Uses Foundation and AngularJS use npm install to install dependencies


This is a machine learning experiment inspired by Matthew Scroggs version of MENACE which I found via one of Matt Parker's videos, after MENACE was featured in the 2019 RI Christmas lectures.

The computer player stores the moves it makes against the board configurations, and at the end of each game we then reward or penalise each of those moves depending on the outcome of the game. All game history states are recorded in local storage so that the computer player learns over time.

It has many limitations but was super interesting and fun to build!

Notes

  • Originally we were rewarding or penalising all moves equally at the end of the game. But then when studying Matthew's notes for MENACE I saw that we should provide fewer starting chances per position for each move we advance through each game. i.e. 4 chances for the 1st move, 3 chances for the 2nd move, 2 chances fo the 3rd move etc. As Matthew notes in the blog post This helps MENACE learn more quickly, as the later moves are more likely to have led to the loss". This has much improved the situation desribed in the next (now-crossed out) bullet point.
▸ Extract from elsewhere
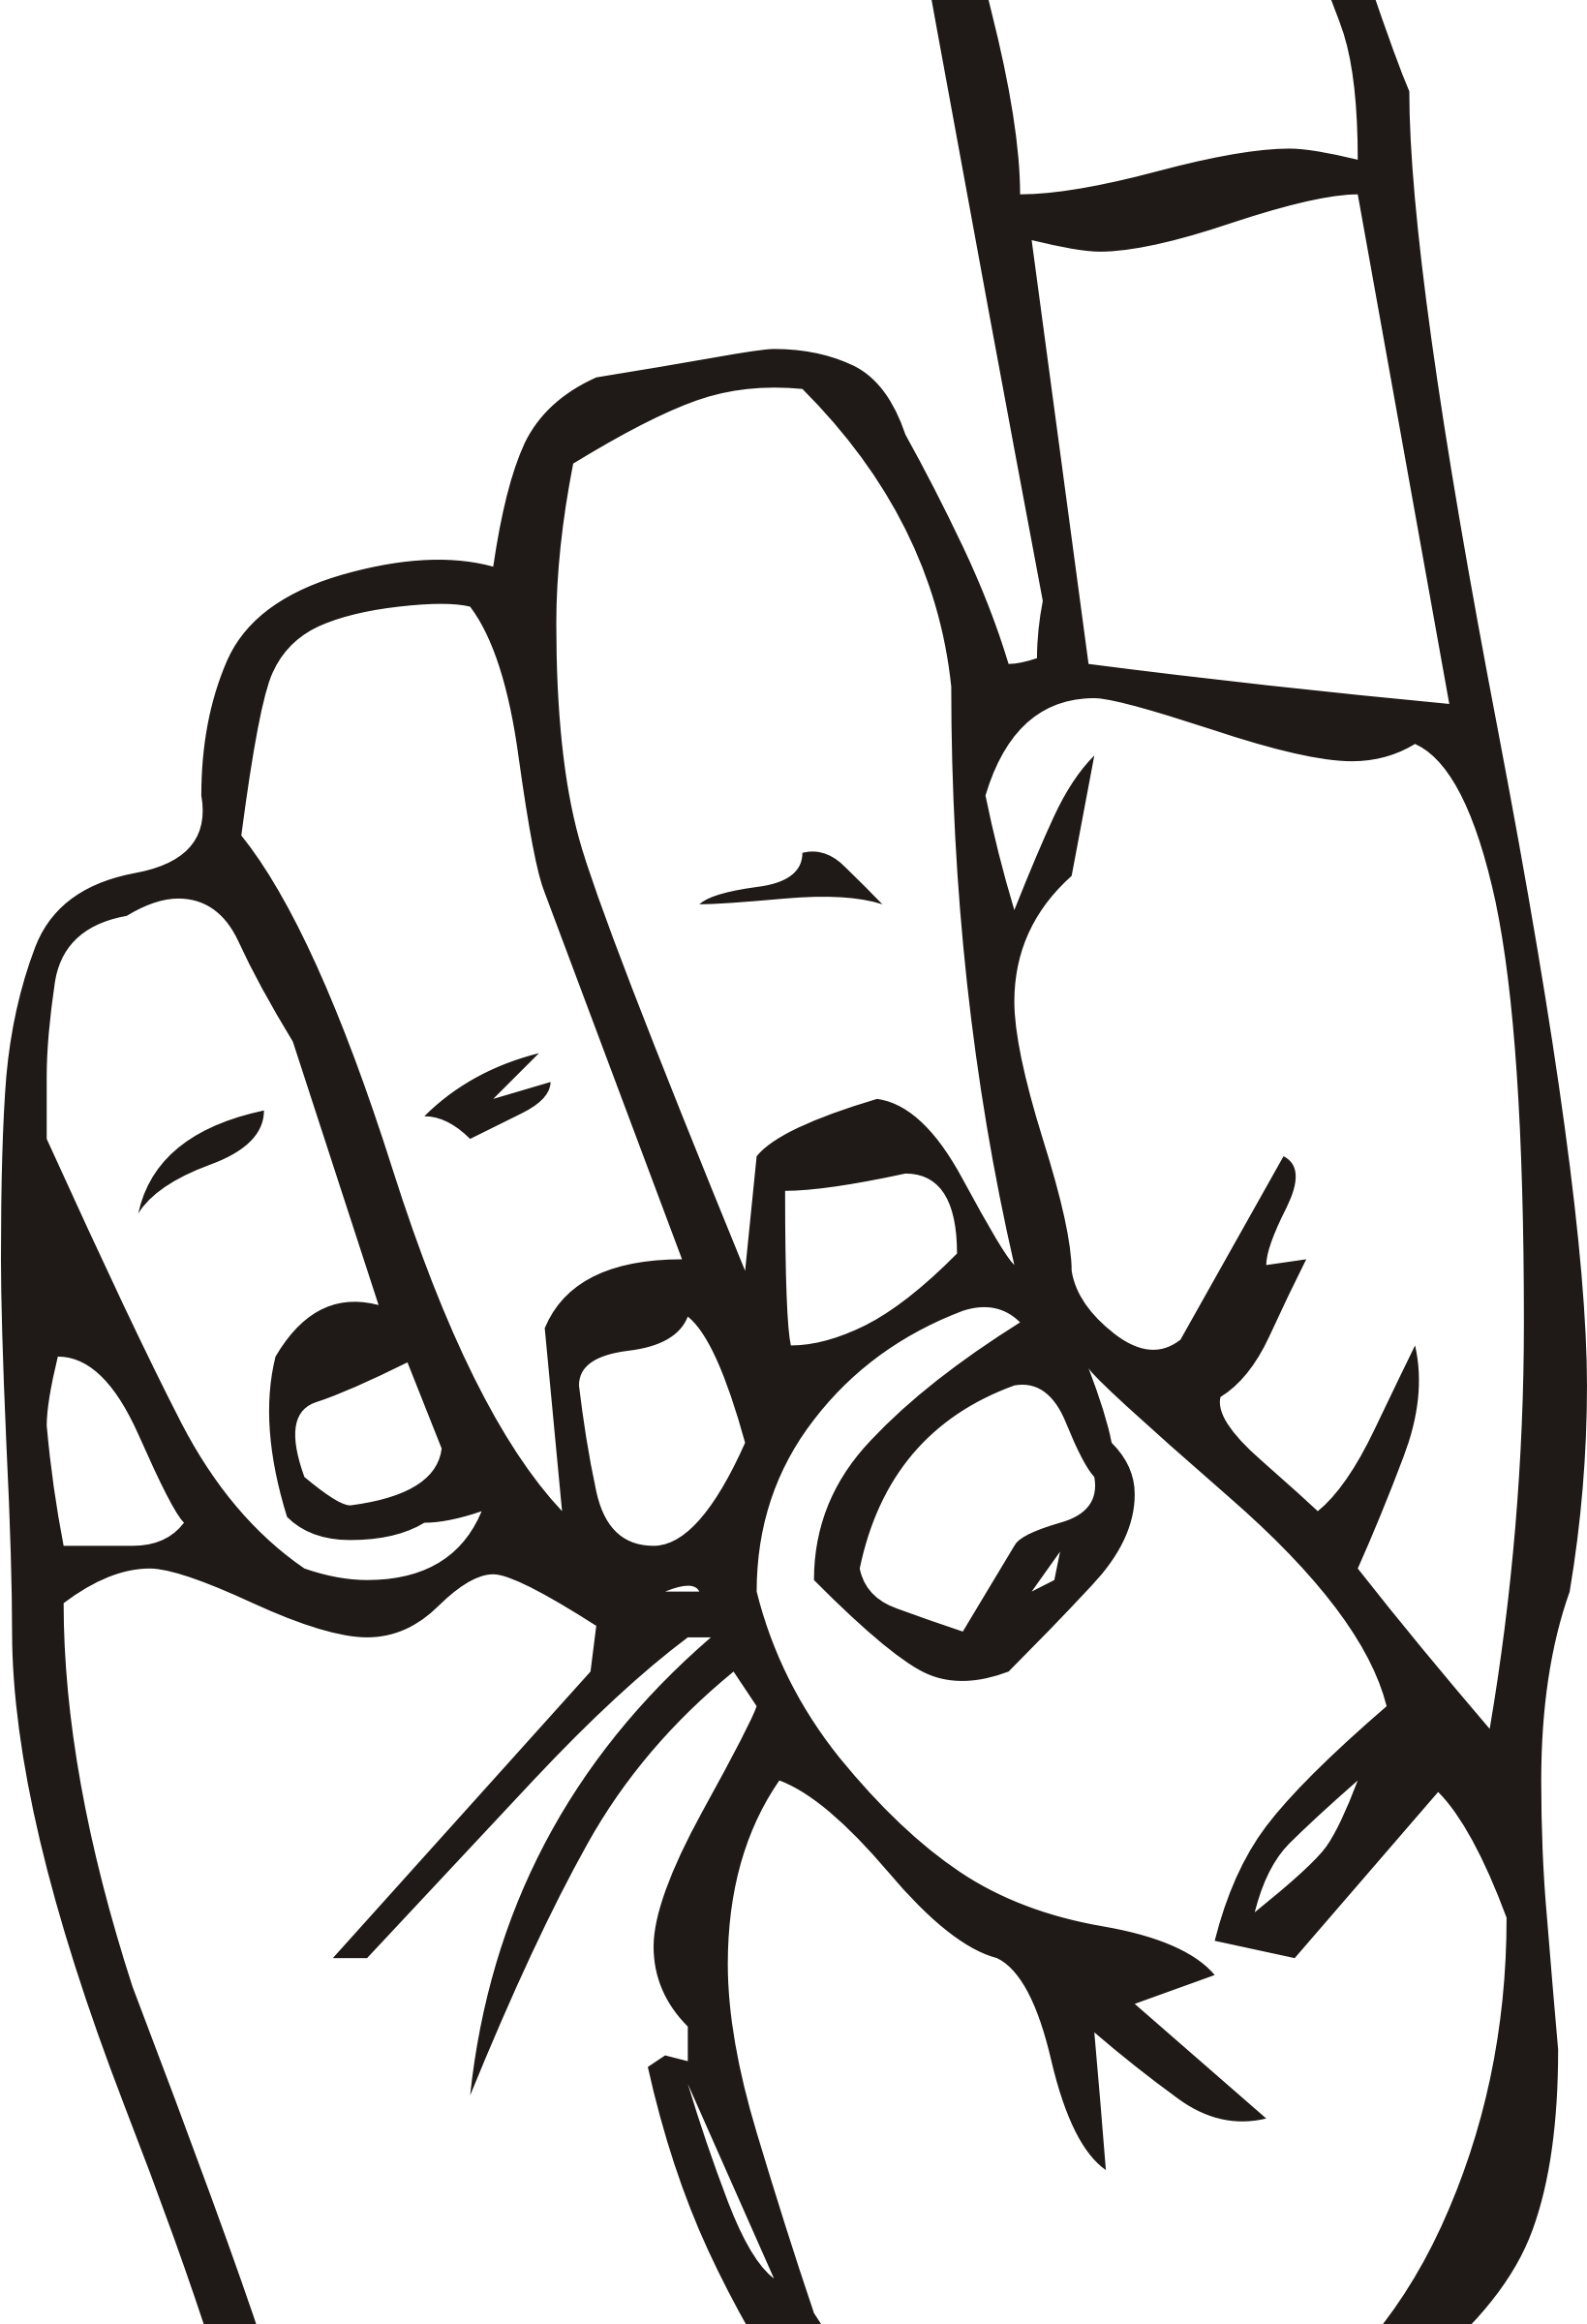 Sign language d pointing. Finger clipart point
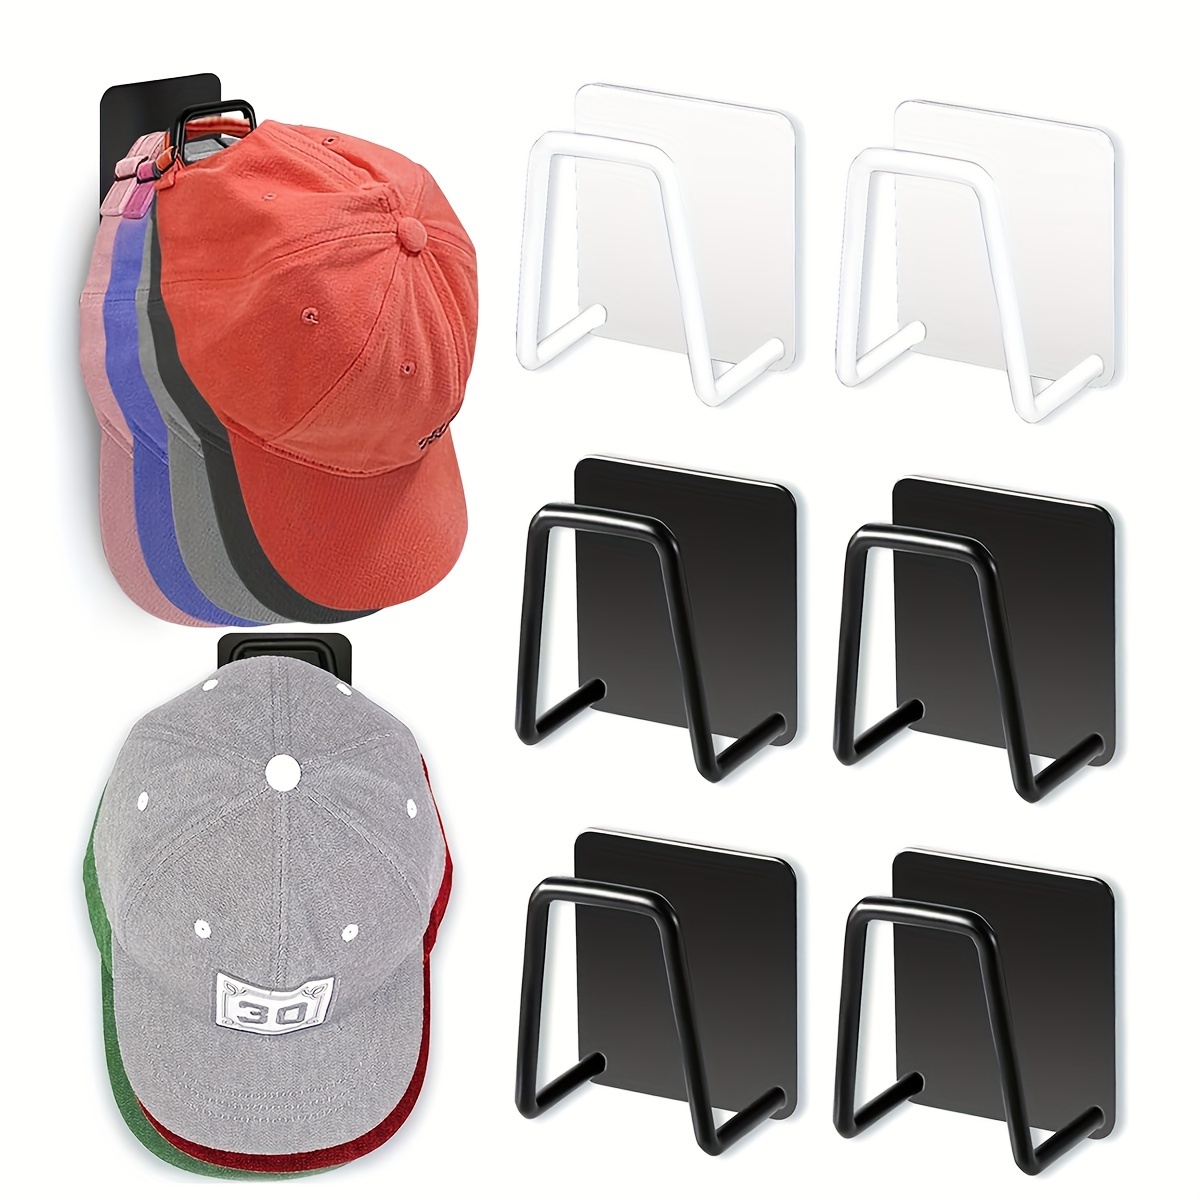 1pc Baseball Cap Storage organizer with clips, Eight Clips, Can Hold 16  Hats Hat Rack, Hat Storage Hook Rack

  • Because all moves in a losing game are penalised this can often lead to the first move - even if it is the best move (i.e. the centre) - ending up in the state where all weightings for that board state are zero. In this case we reset just that state by re-seeding it as if it were the first game again. However this slows down learning further as it has to "learn" that going in the centre is the best move again. An alternative could be to re-seed this state with just a weighting of 1 for each position, which could at least speed up the process of discovering the best move again (although I'm not sure if this would be better)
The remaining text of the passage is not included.